■ WORK TO COMPLETE ■
Copy out exactly, from the entries that follow, the line holding "Women's Nike Pegasus", the line holding "Kazinczy Ferenc az", and all lines between them, but no pictures.

(Beginning of ENTRIES PROVIDED)

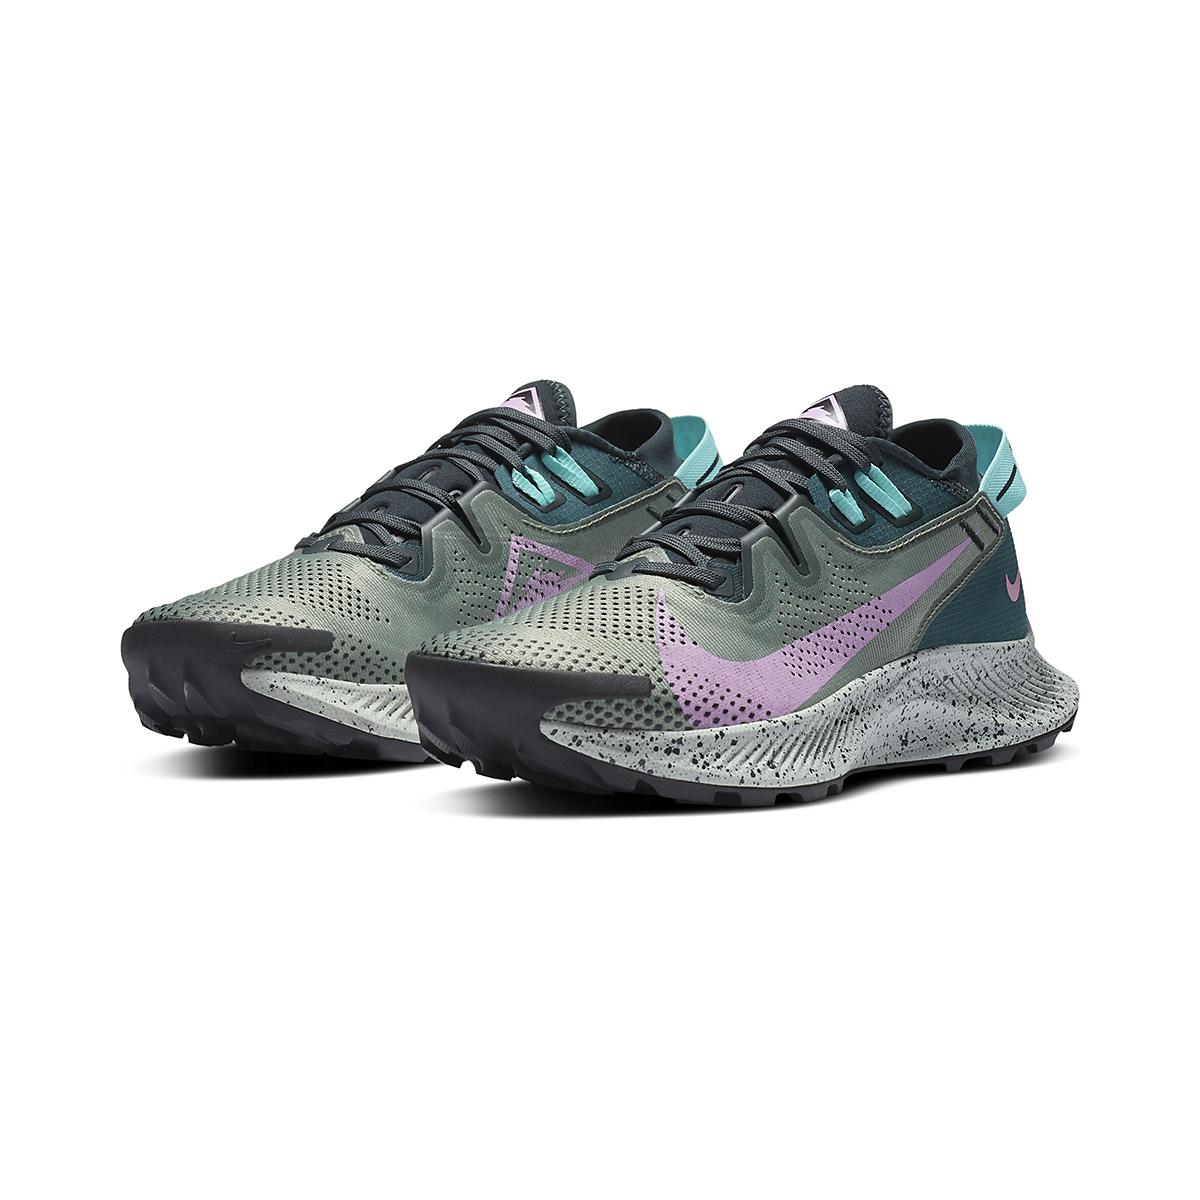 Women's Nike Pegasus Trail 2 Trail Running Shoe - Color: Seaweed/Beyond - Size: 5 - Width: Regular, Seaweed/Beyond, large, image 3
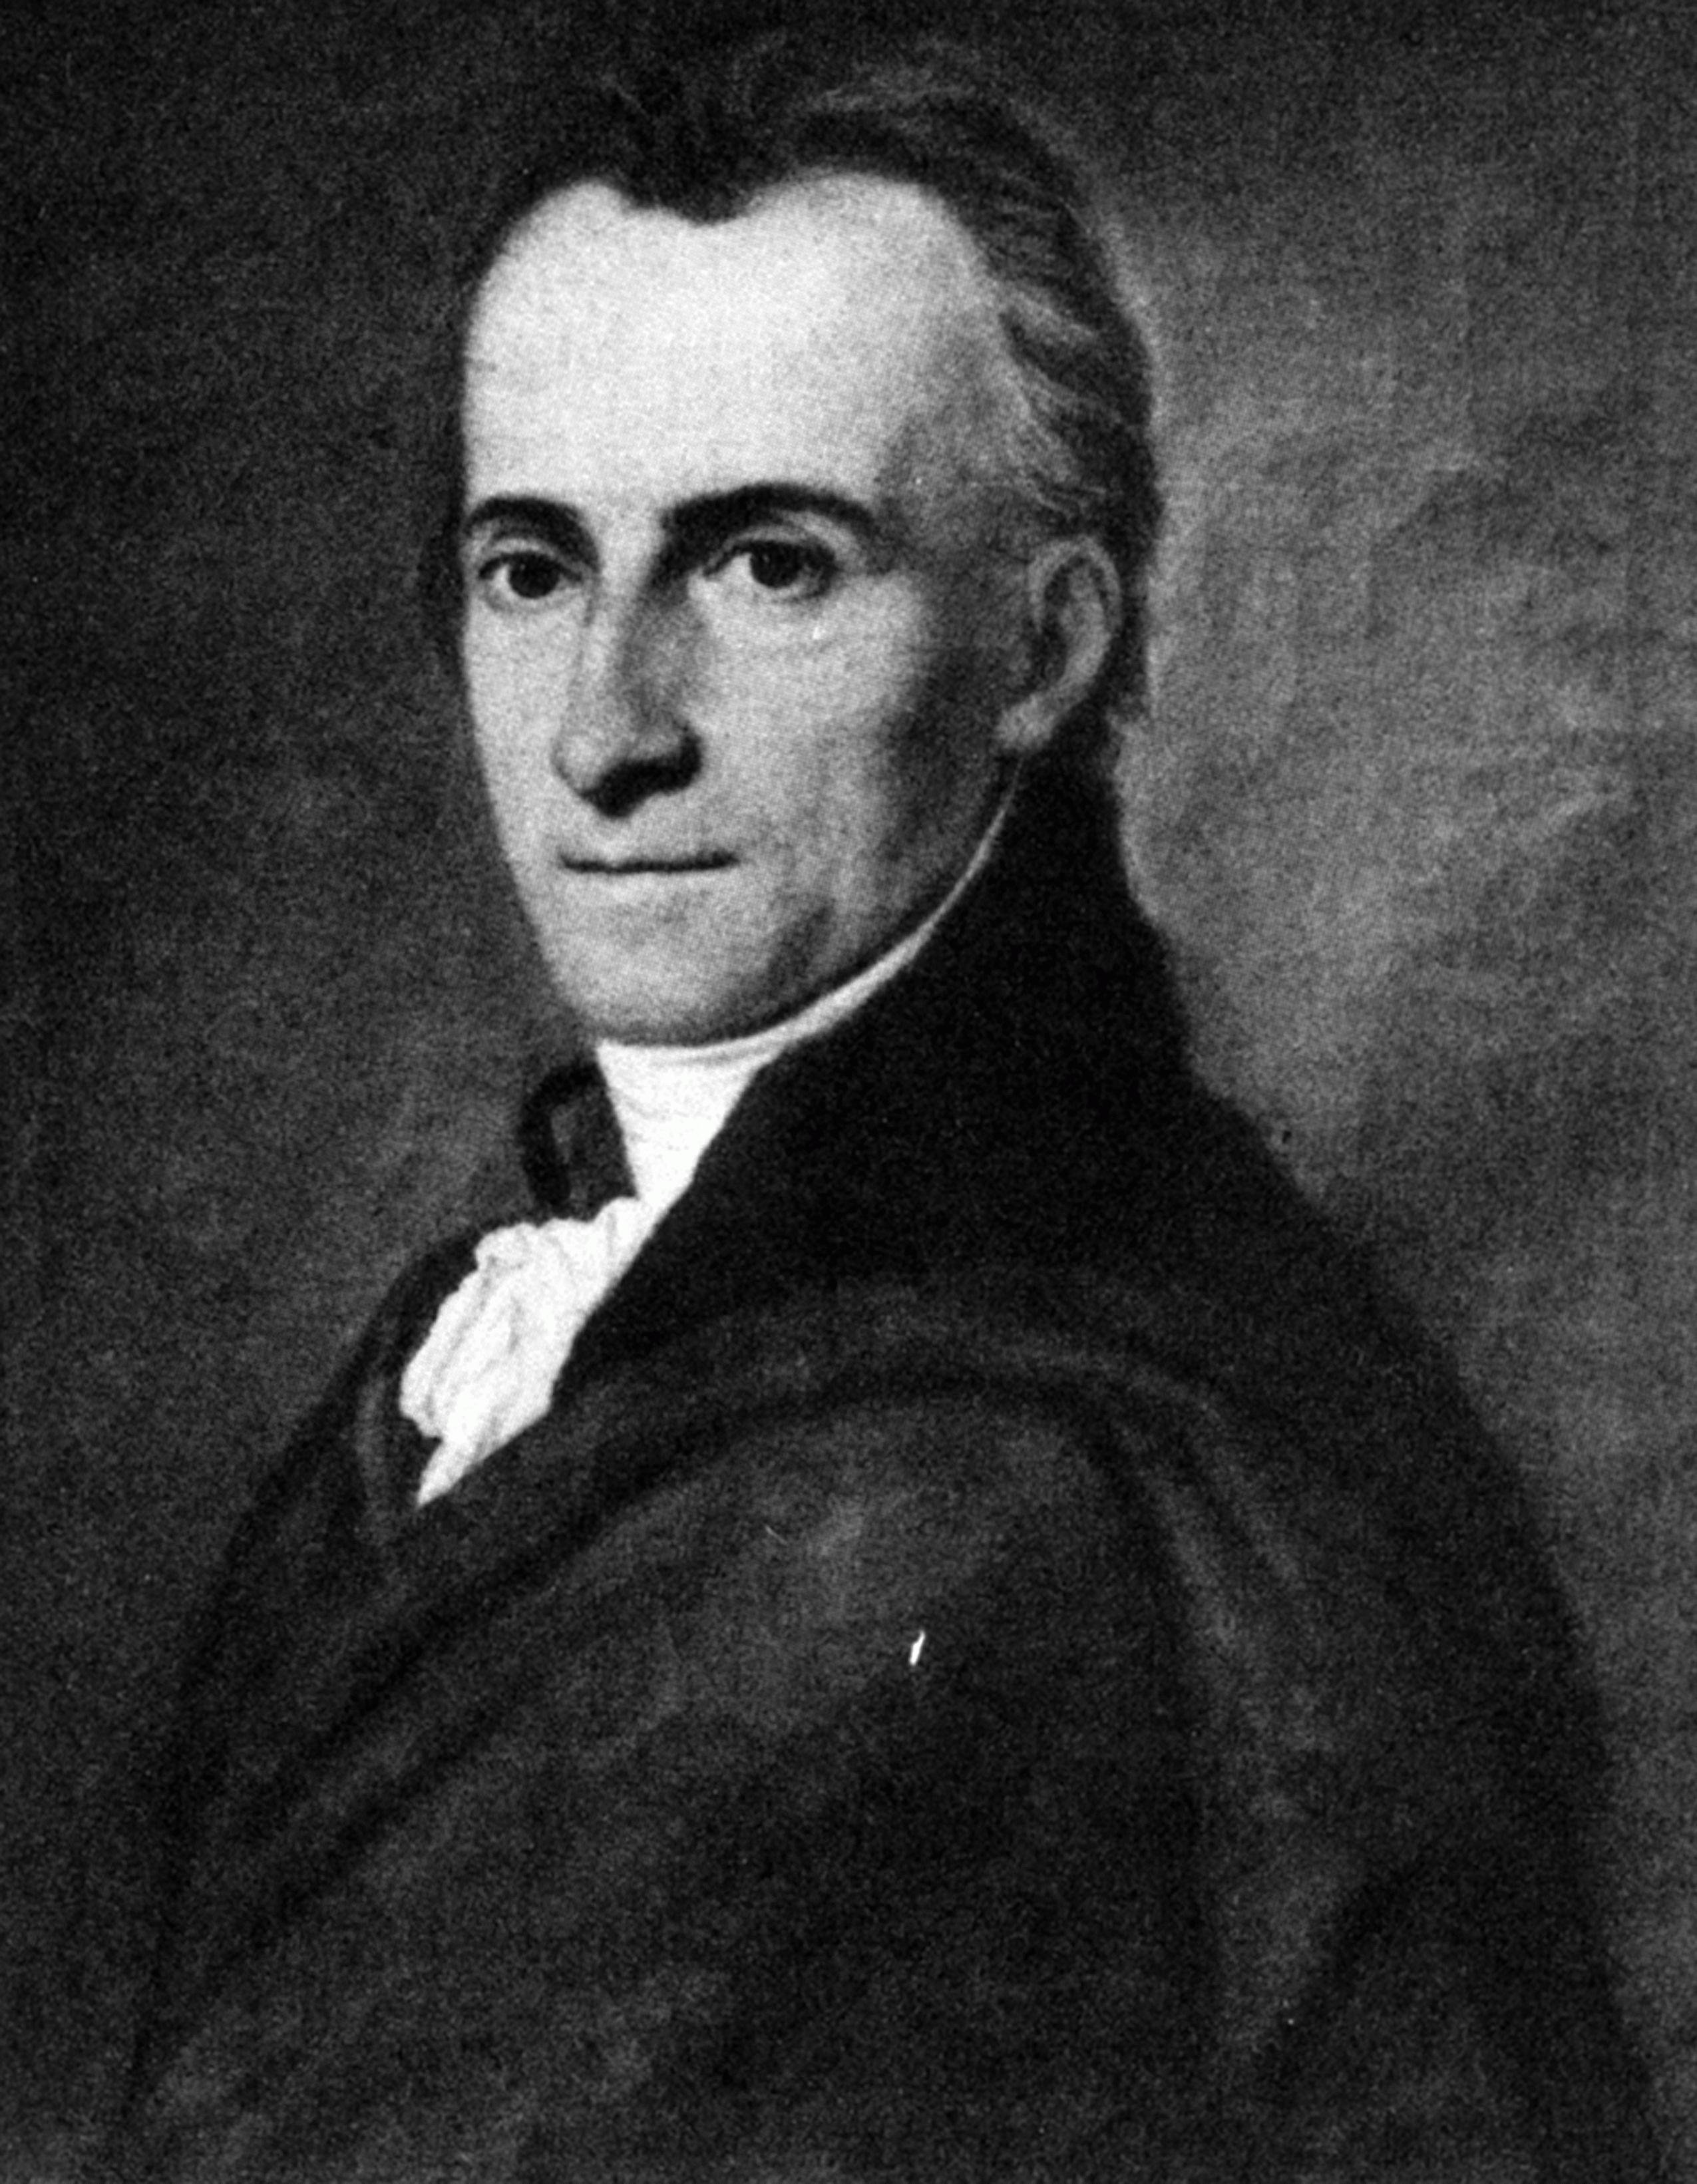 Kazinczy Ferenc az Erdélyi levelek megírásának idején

(End of ENTRIES PROVIDED)
(Beginning of ENTRIES PROVIDED)

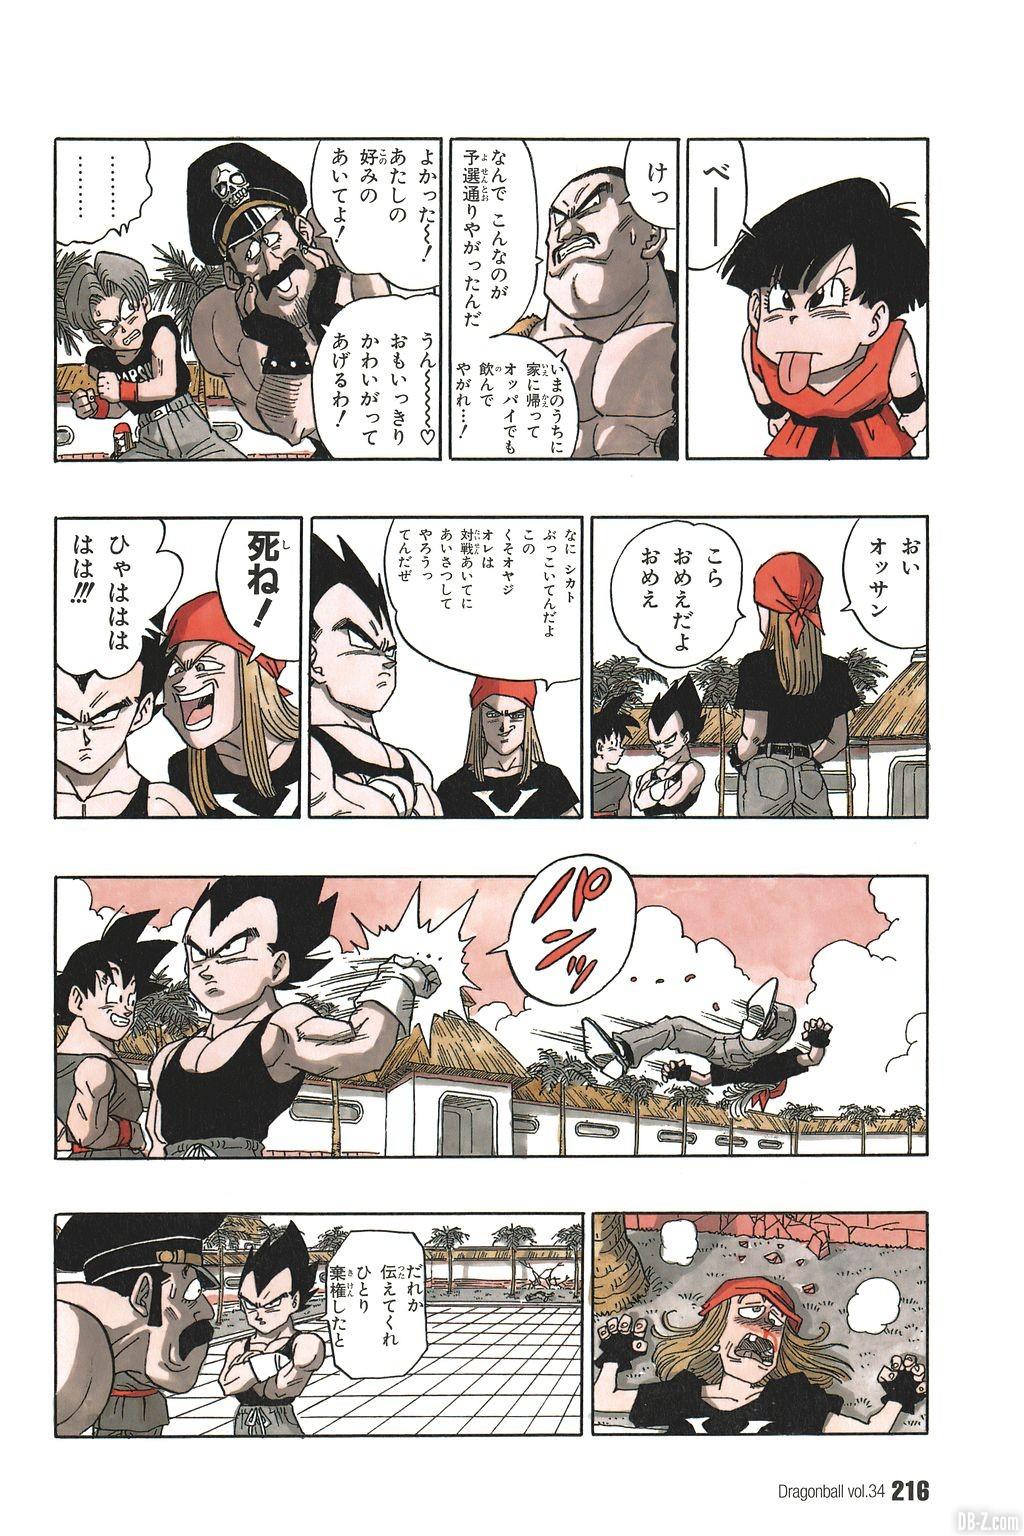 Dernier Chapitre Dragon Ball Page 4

(End of ENTRIES PROVIDED)
(Beginning of ENTRIES PROVIDED)

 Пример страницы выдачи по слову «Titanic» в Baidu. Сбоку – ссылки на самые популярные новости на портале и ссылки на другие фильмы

(End of ENTRIES PROVIDED)

■ OUTPUT FOR THIS TASK ■
 Women's Nike Pegasus Trail 2 Trail Running Shoe - Color: Seaweed/Beyond - Size: 5 - Width: Regular, Seaweed/Beyond, large, image 3
 Kazinczy Ferenc az Erdélyi levelek megírásának idején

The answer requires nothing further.